-- EXERCISE BRIEF --
The whole listing needs to be written out exactly, except for any images.

-- RAW DATA --

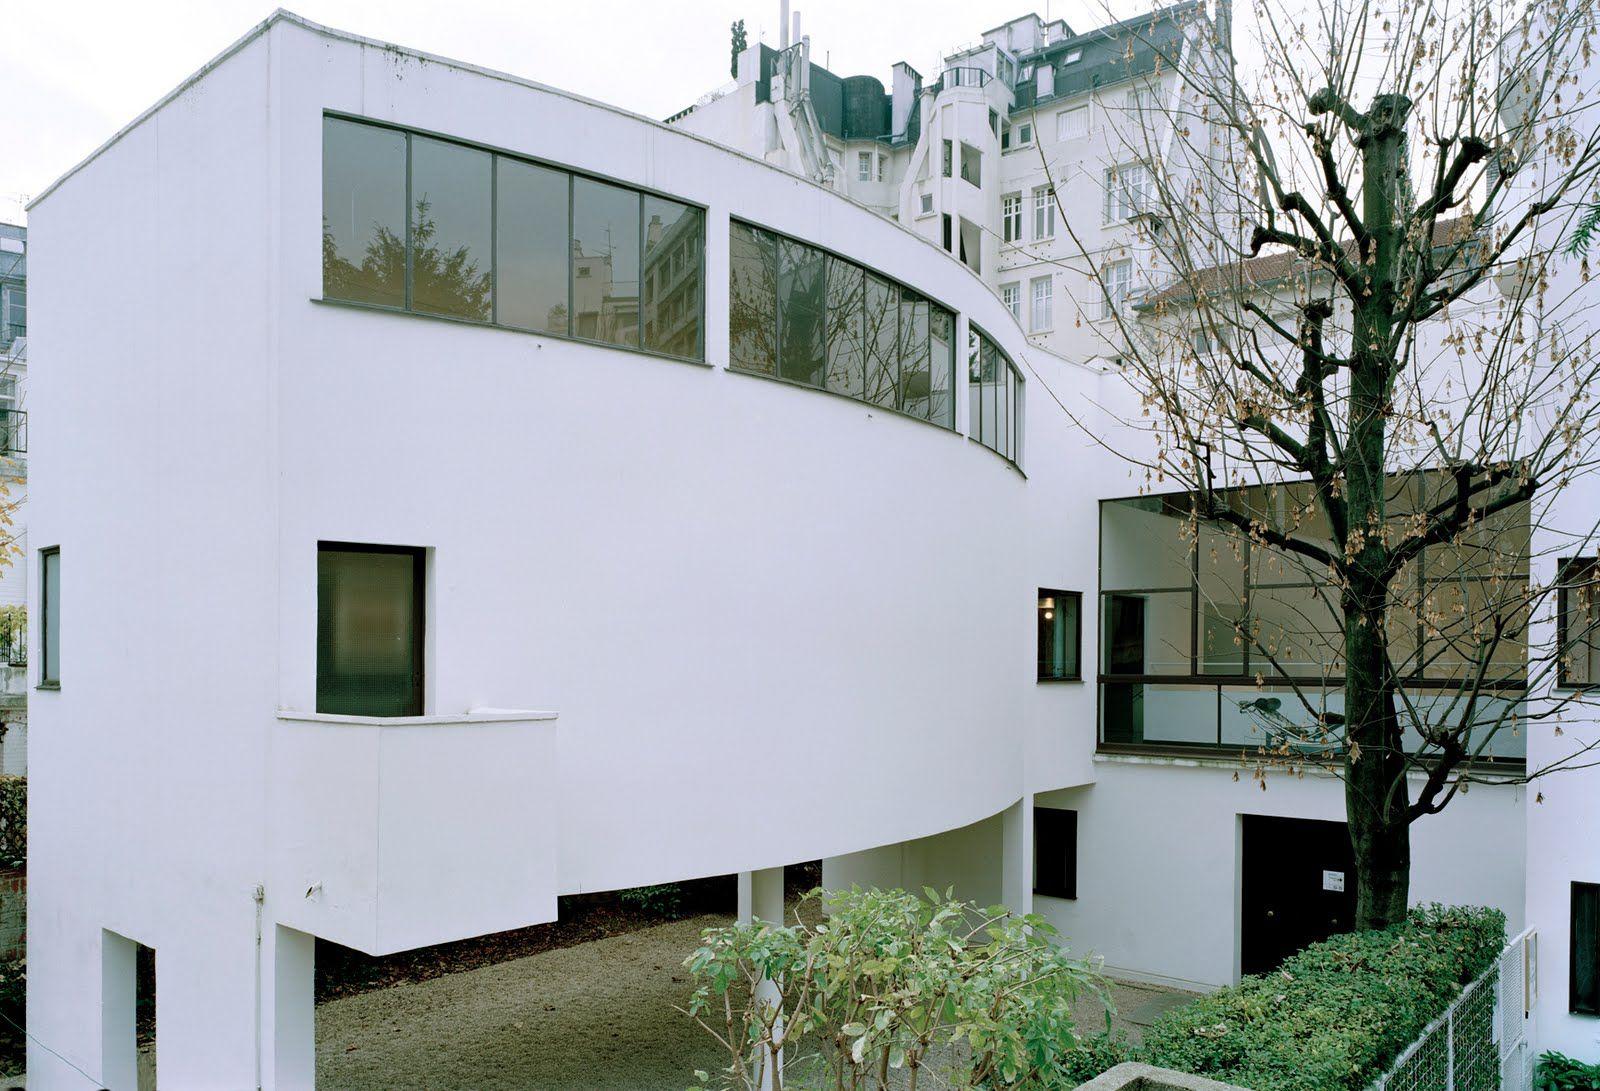 Maison La Roche Corbusier Paris maison la roche, designedle corbusier, and houses the le
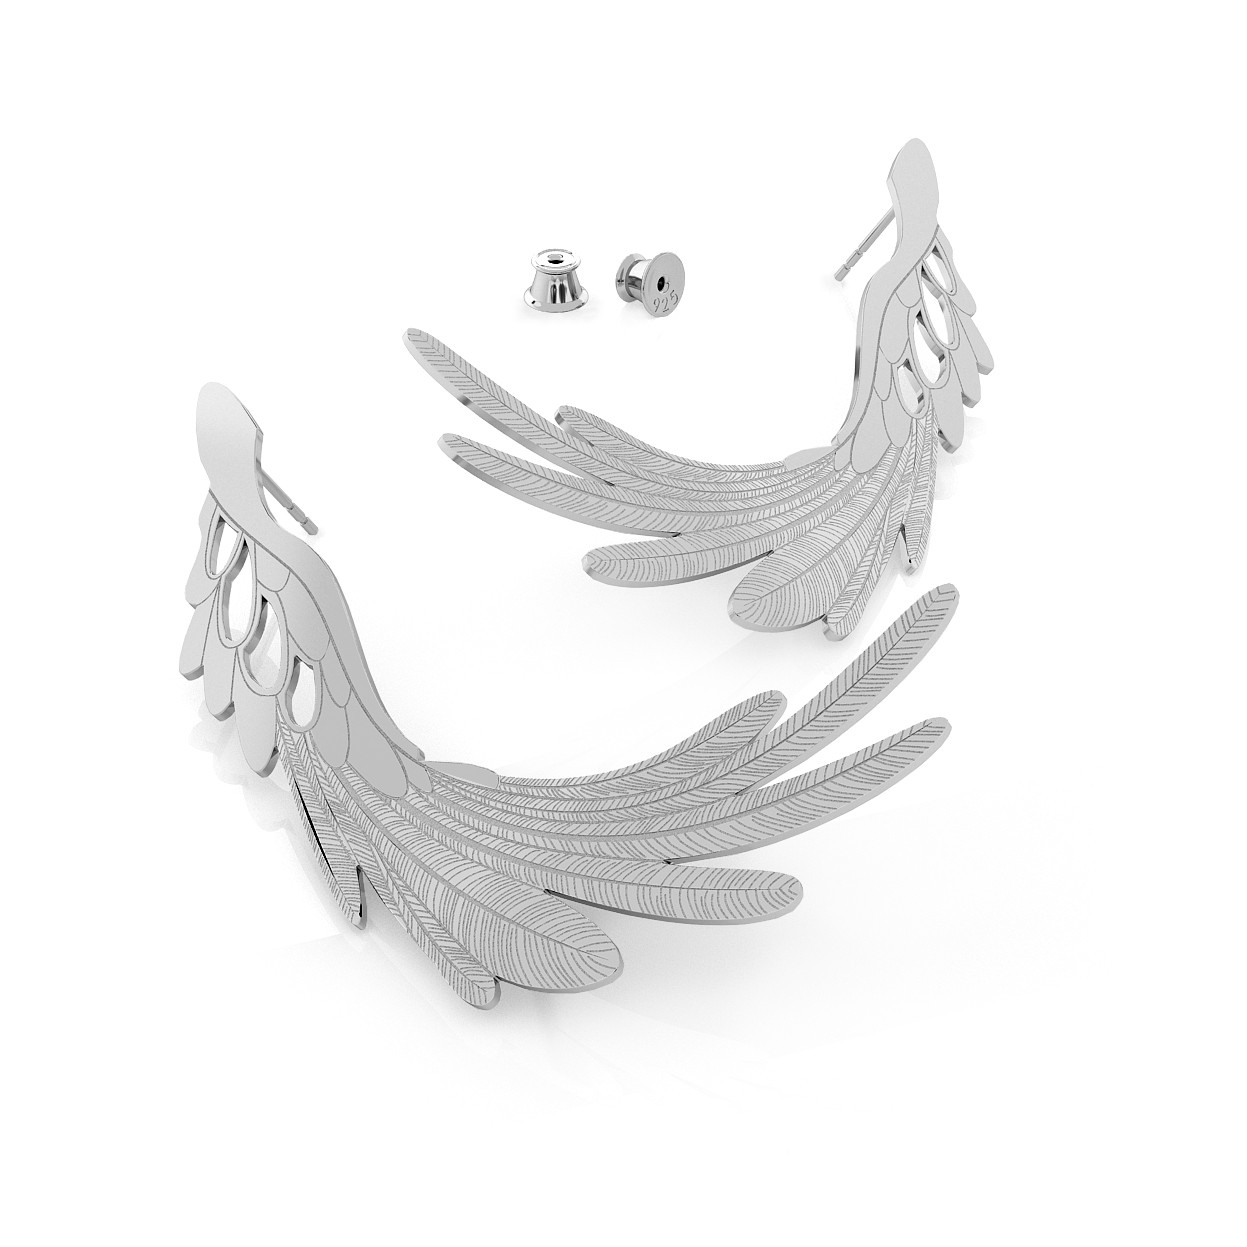 EARRINGS BIG ANGEL WINGS, STERLING SILVER (925) RHODIUM OR GOLD PLATED
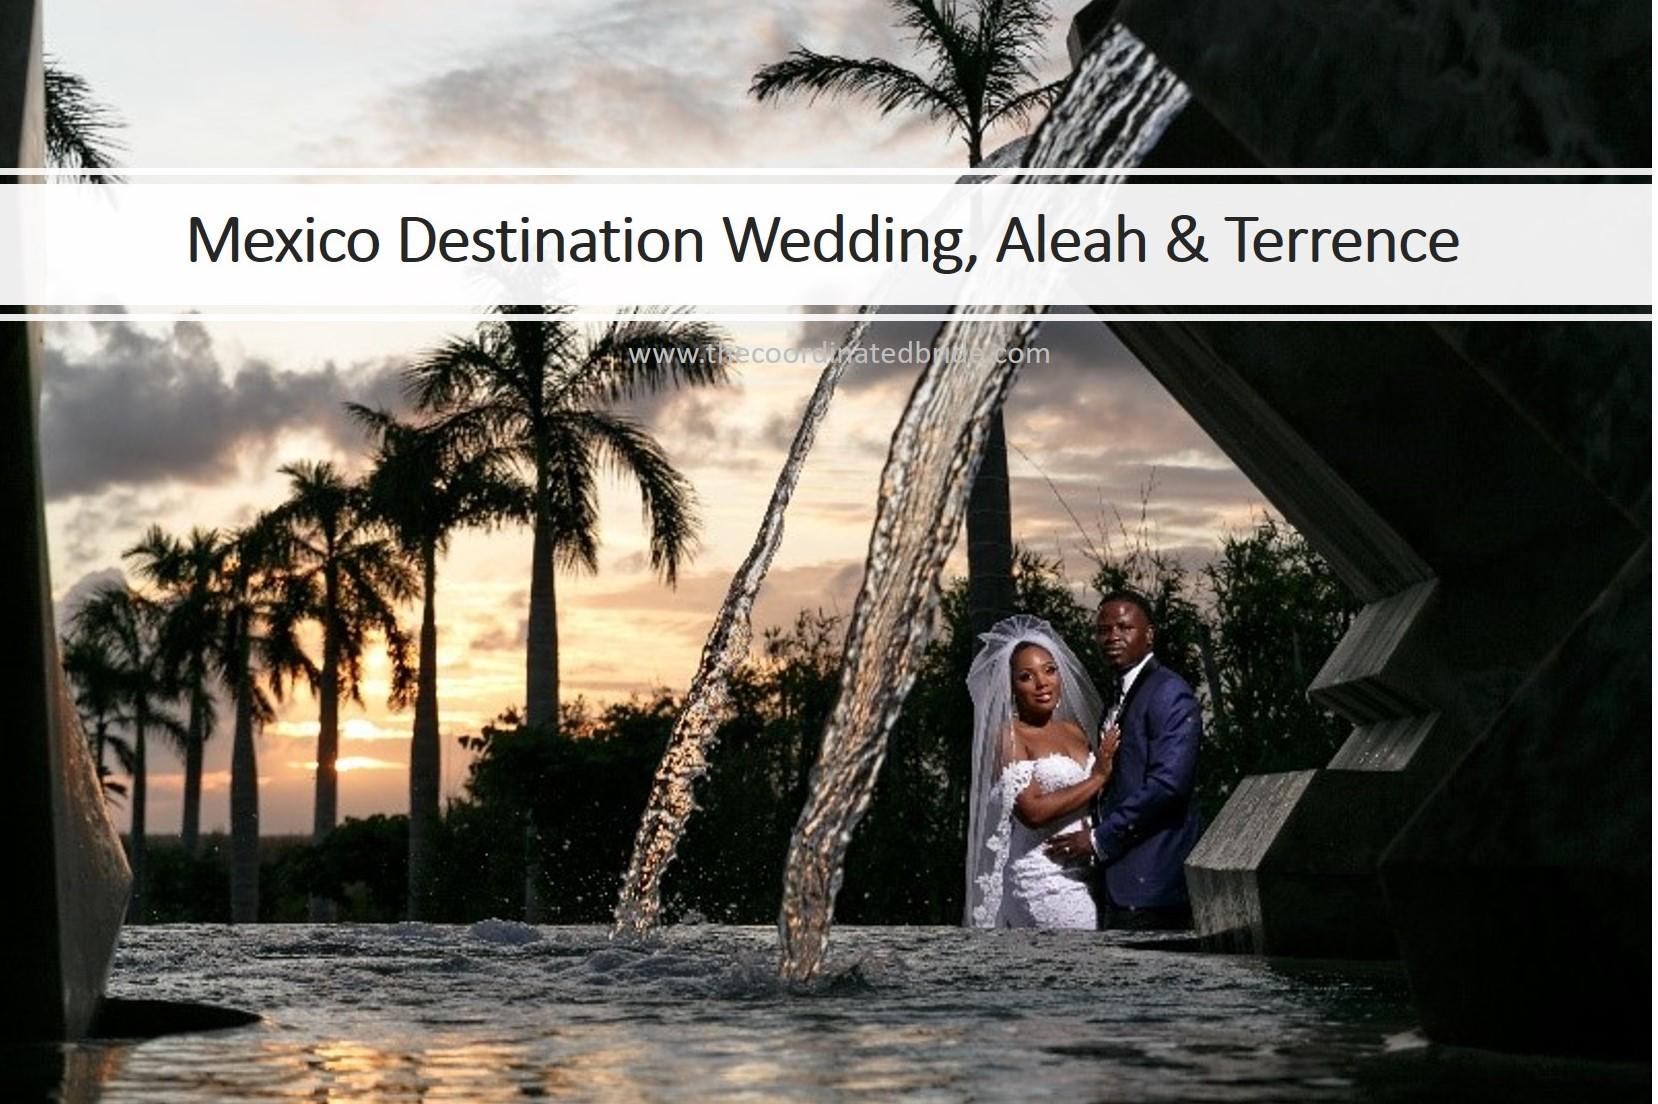 Mexico Destination Wedding, Aleah & Terrence
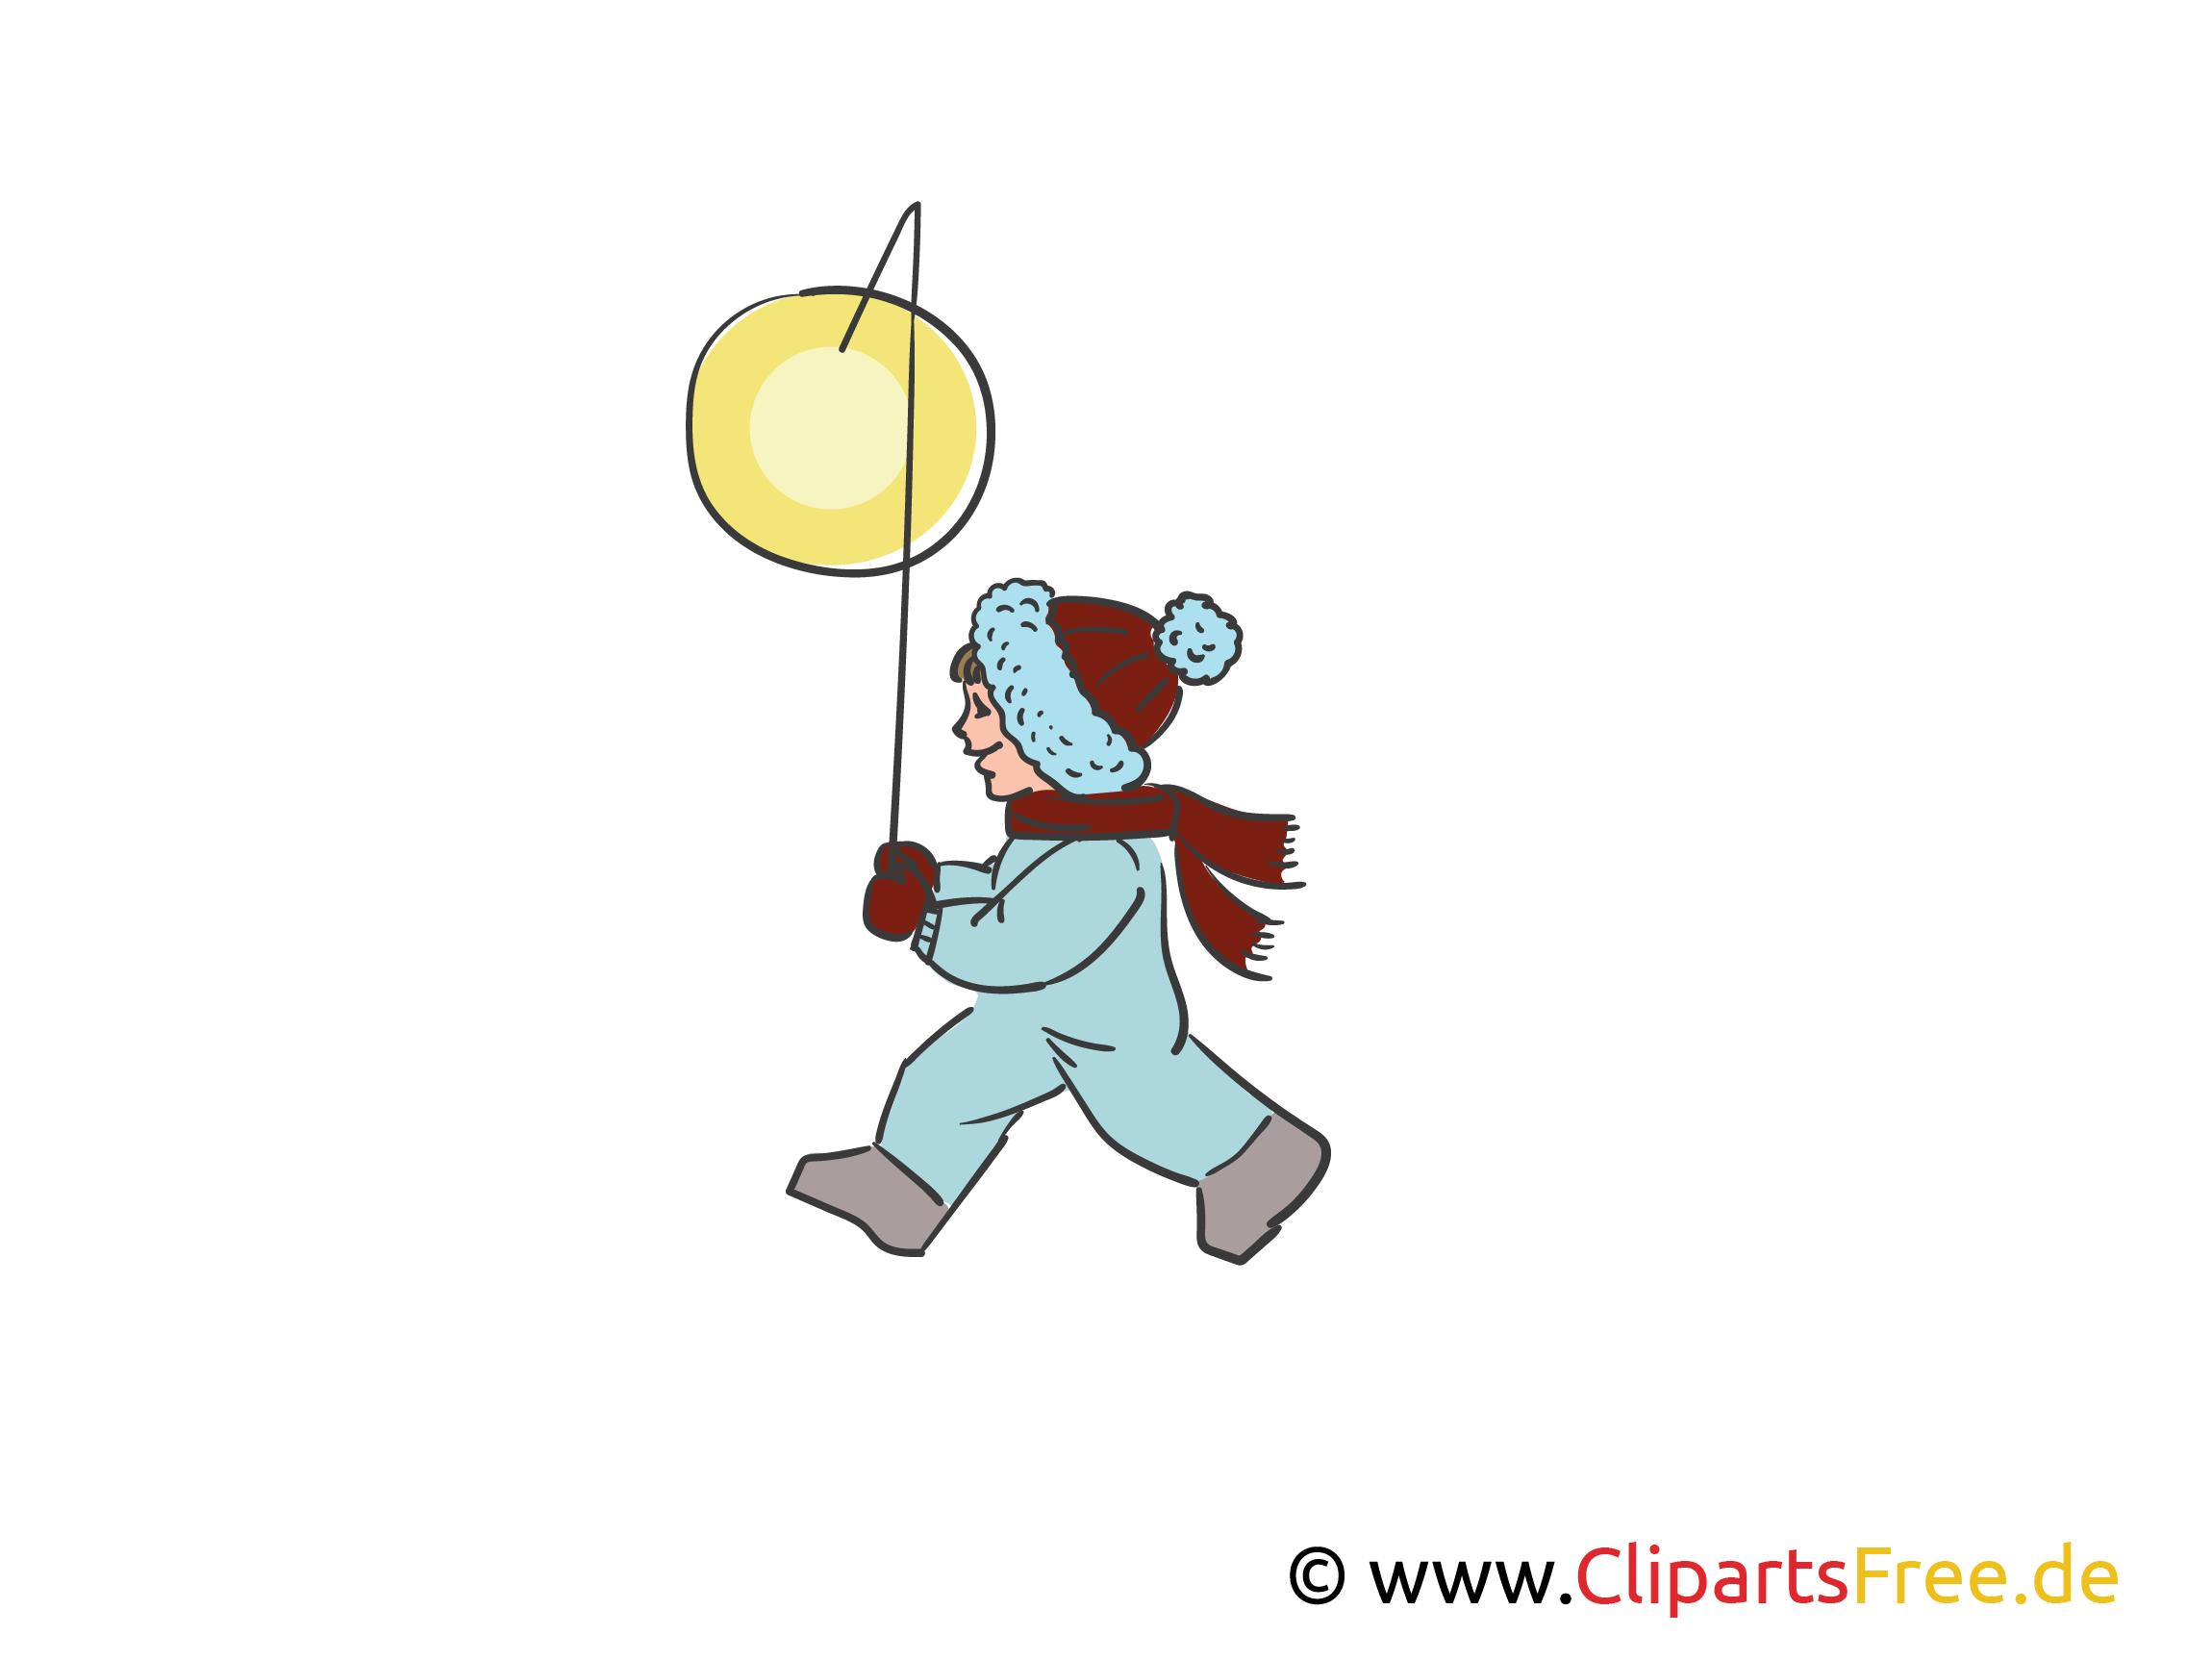 Laterne, Laterne, Sonne, Mond und Sterne Illustration, Clipart, Bild

-- WORKED SOLUTION --
 Maison La Roche Corbusier Paris maison la roche, designedle corbusier, and houses the le
 EARRINGS BIG ANGEL WINGS, STERLING SILVER (925) RHODIUM OR GOLD PLATED
 Mexico Destination Wedding, Aleah & Terrence
 Laterne, Laterne, Sonne, Mond und Sterne Illustration, Clipart, Bild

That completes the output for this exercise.